Provided information.
-=-=-=-=-

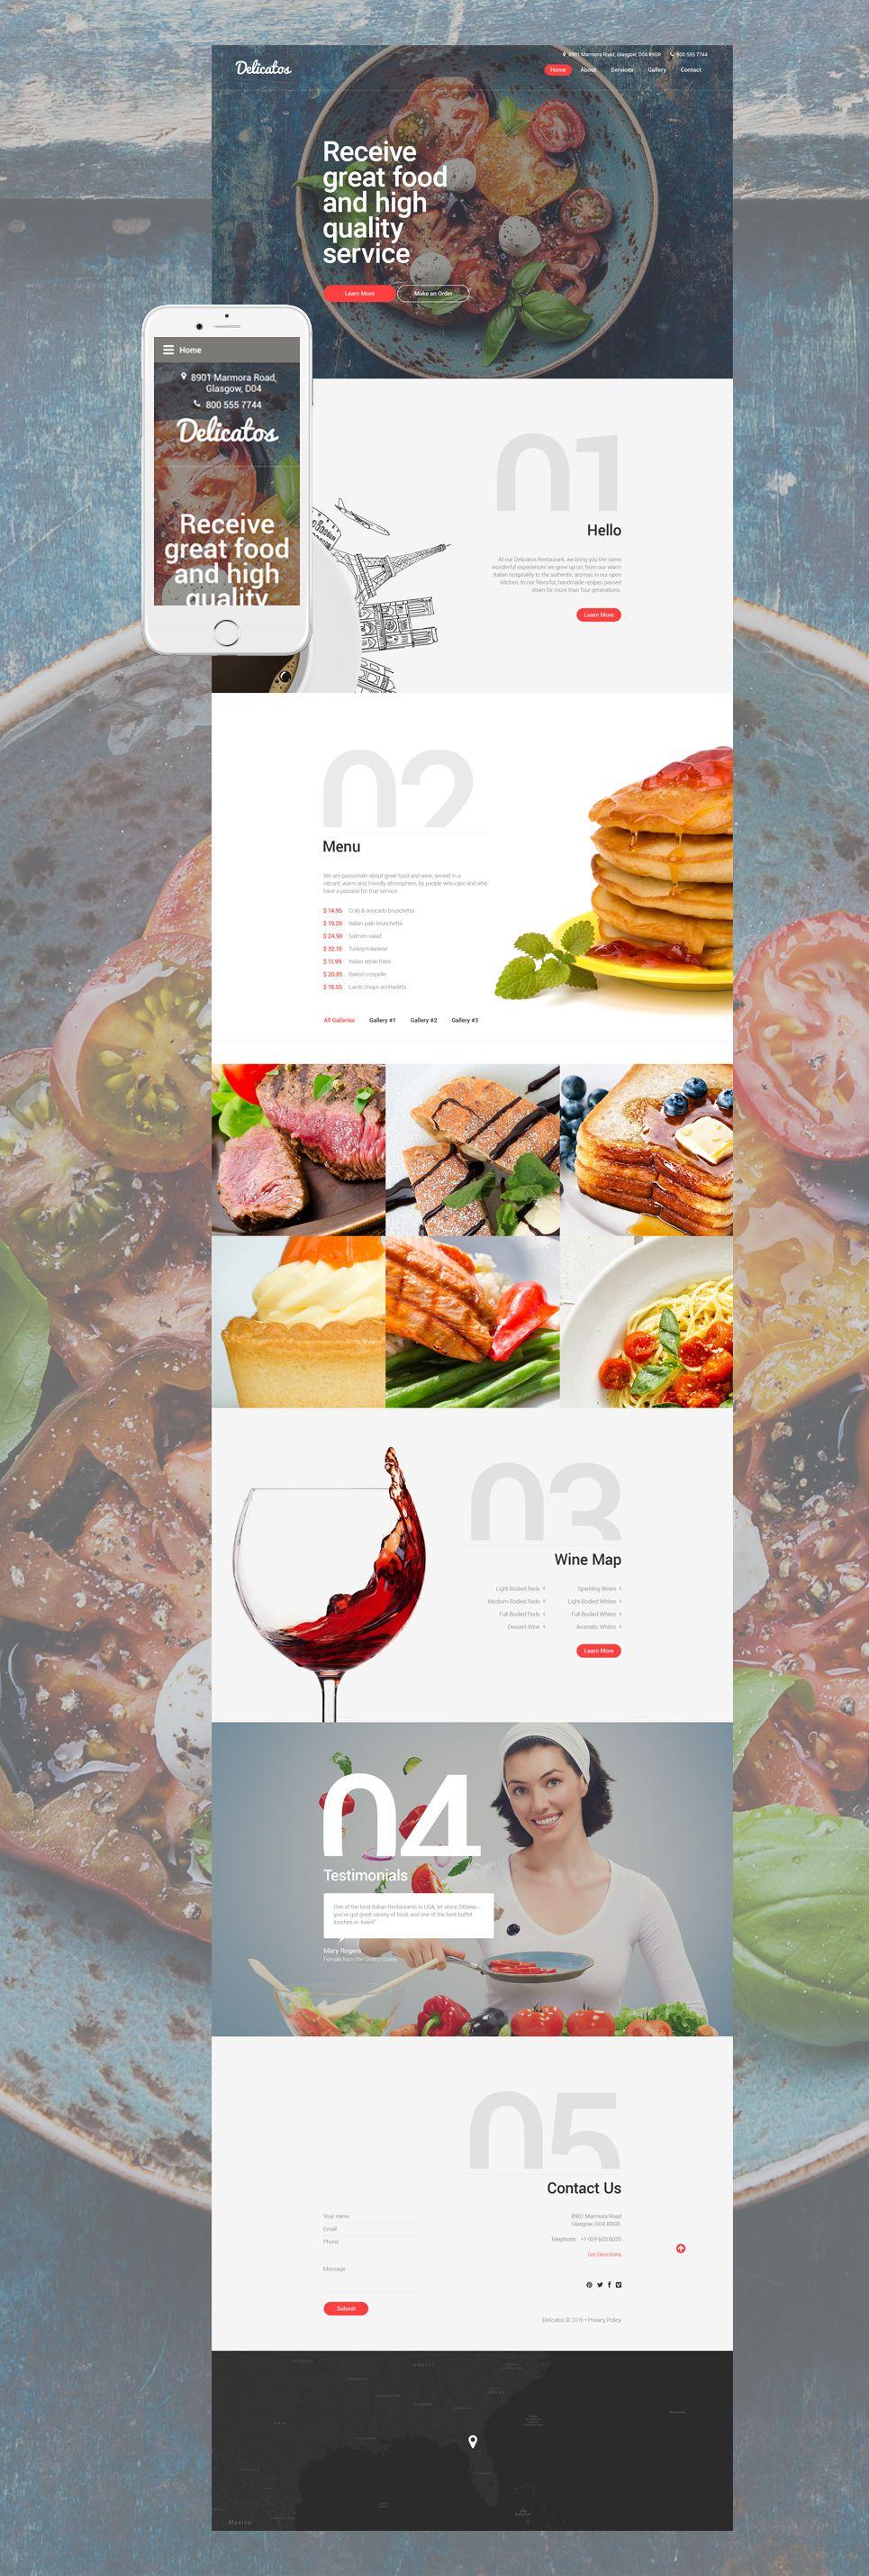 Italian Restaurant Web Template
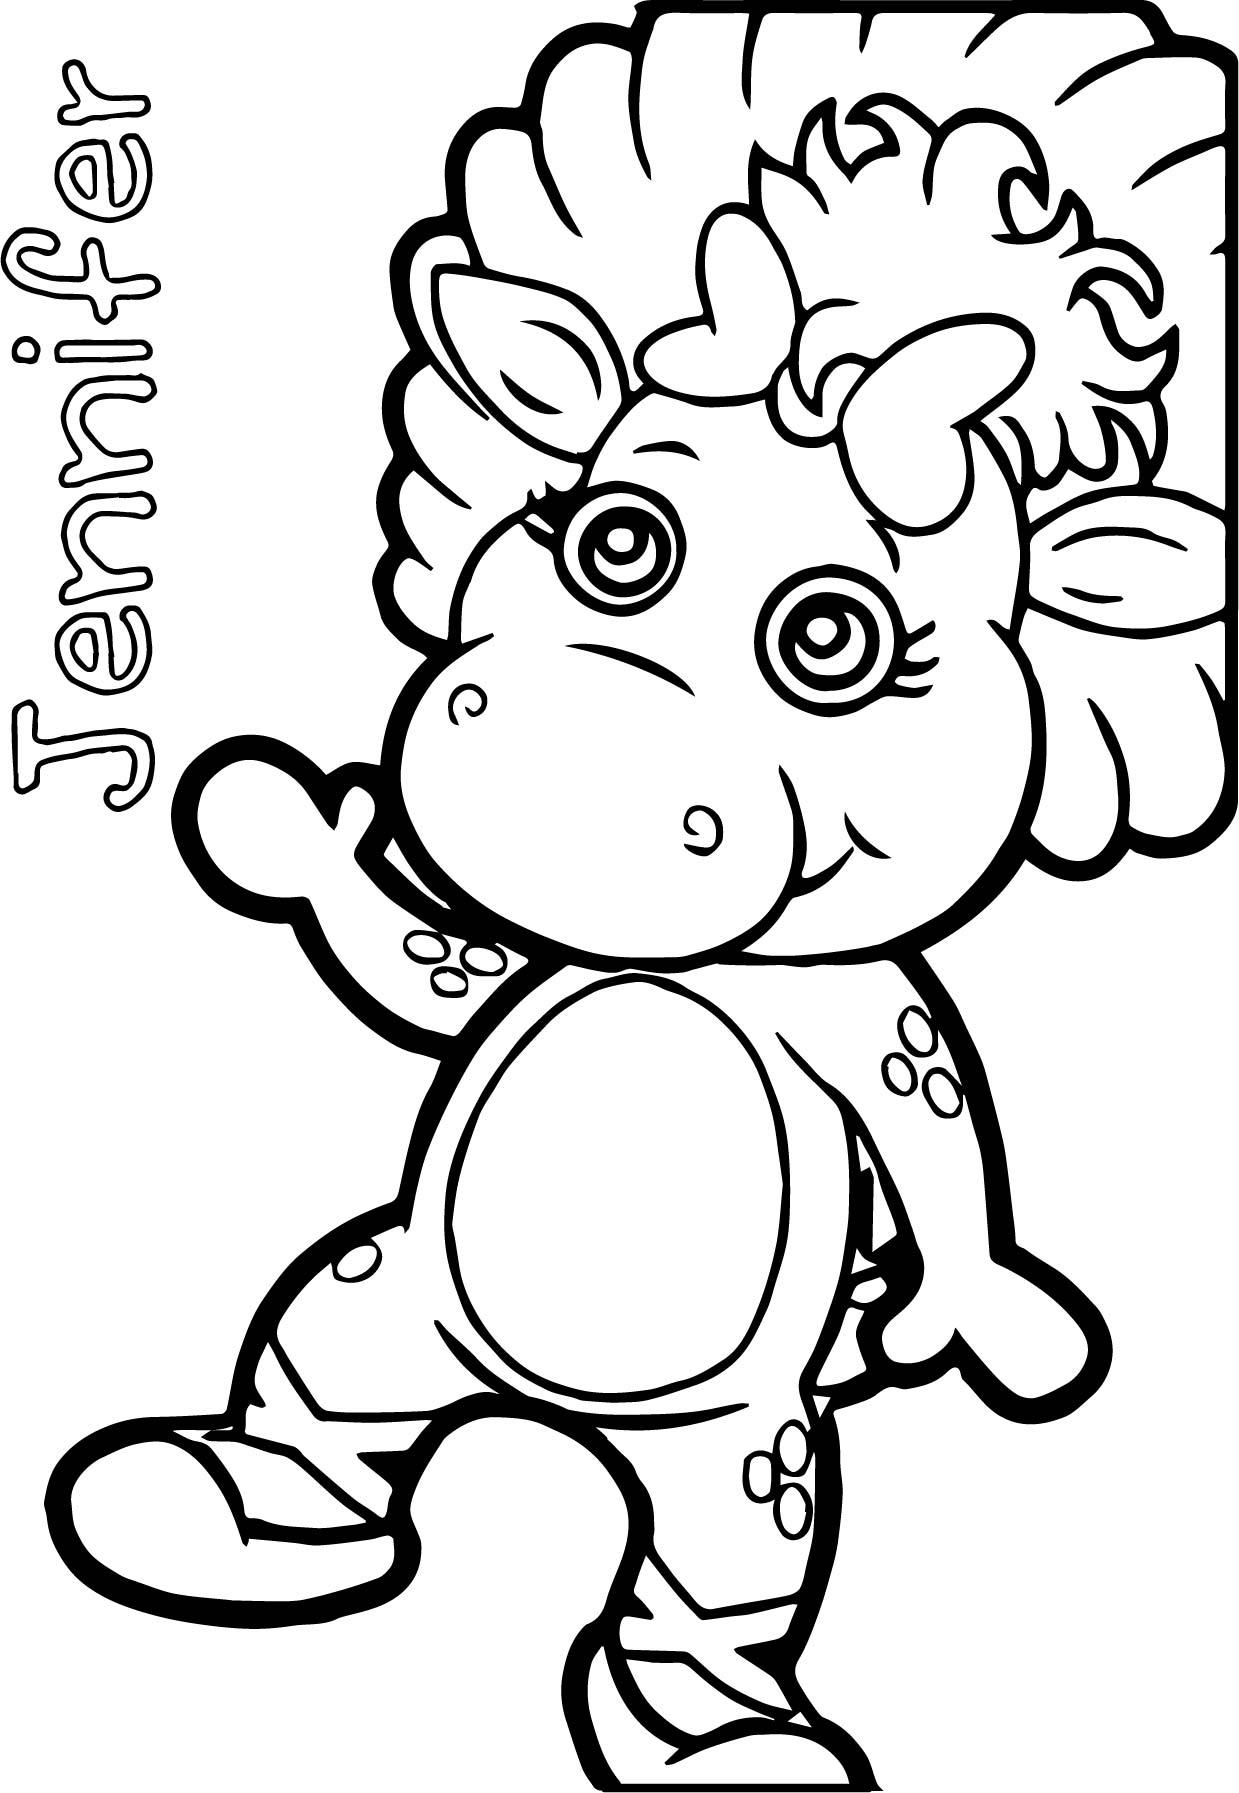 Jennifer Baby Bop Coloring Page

-=-=-=-=-

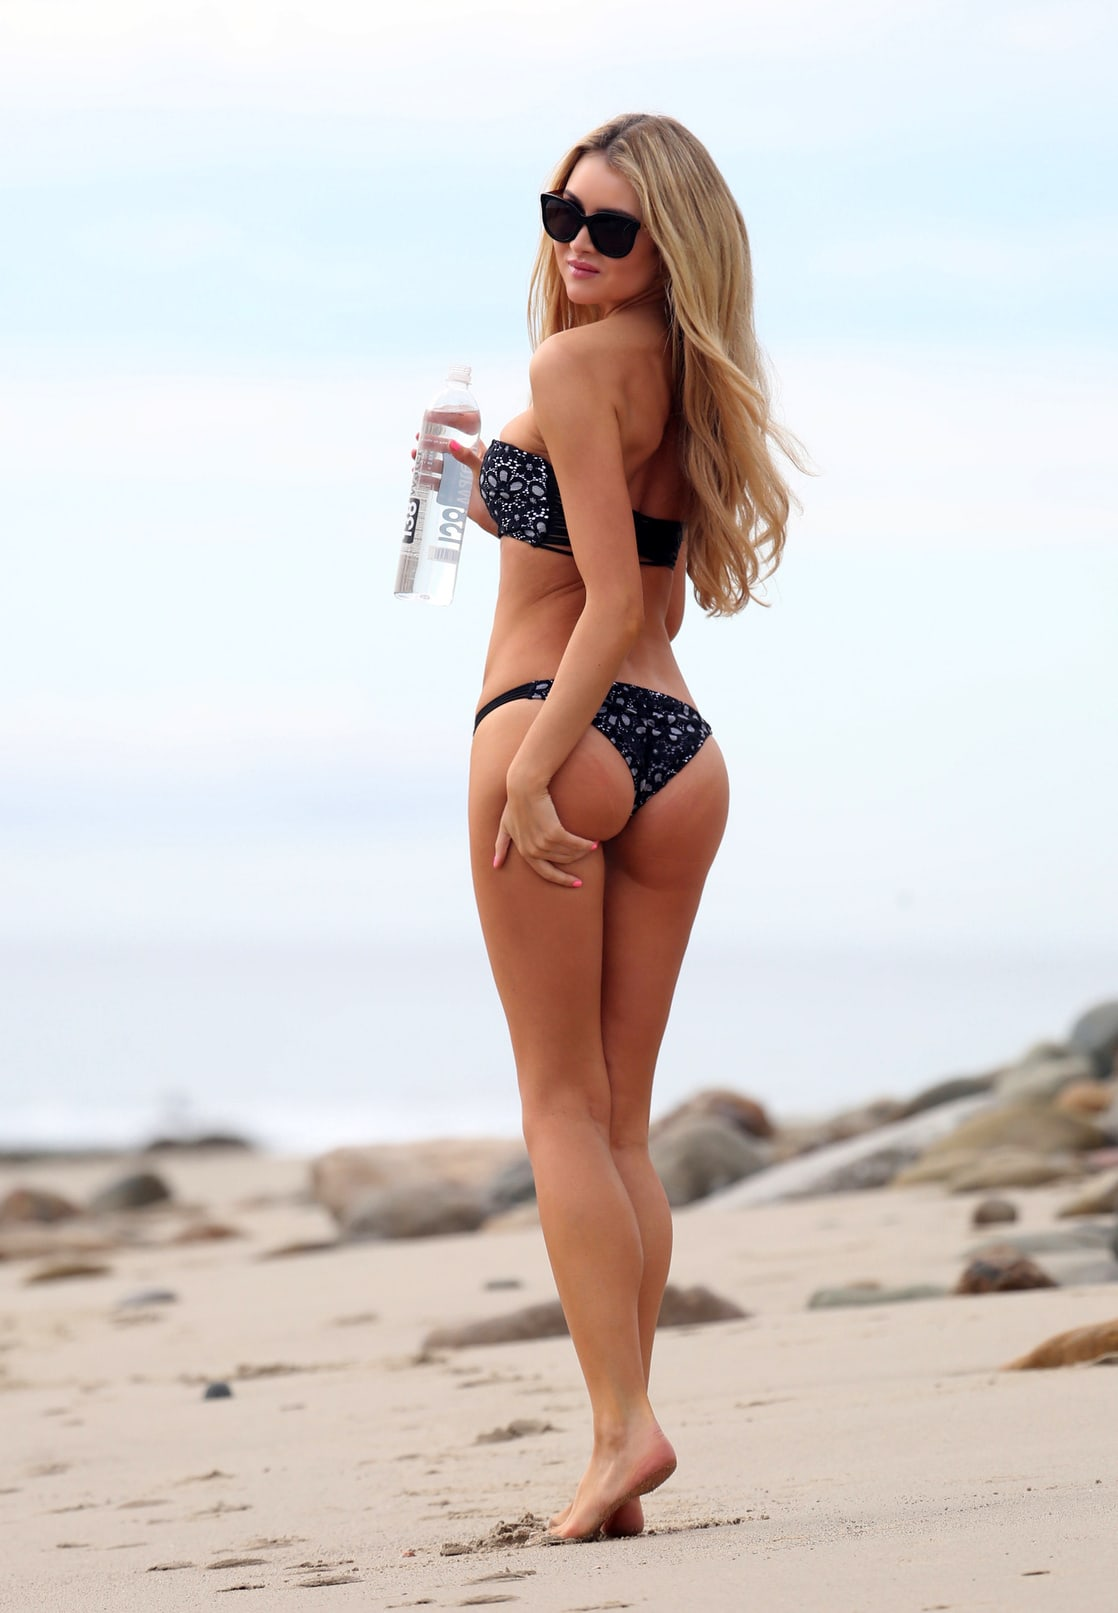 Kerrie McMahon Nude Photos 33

-=-=-=-=-

What you will do.
From the data above, retype only the lines starting with the line with "Italian Restaurant Web Template" and going on through the line with "Jennifer Baby Bop Coloring Page", exactly, leaving out the pictures.

Finished exercise.
 Italian Restaurant Web Template
 Jennifer Baby Bop Coloring Page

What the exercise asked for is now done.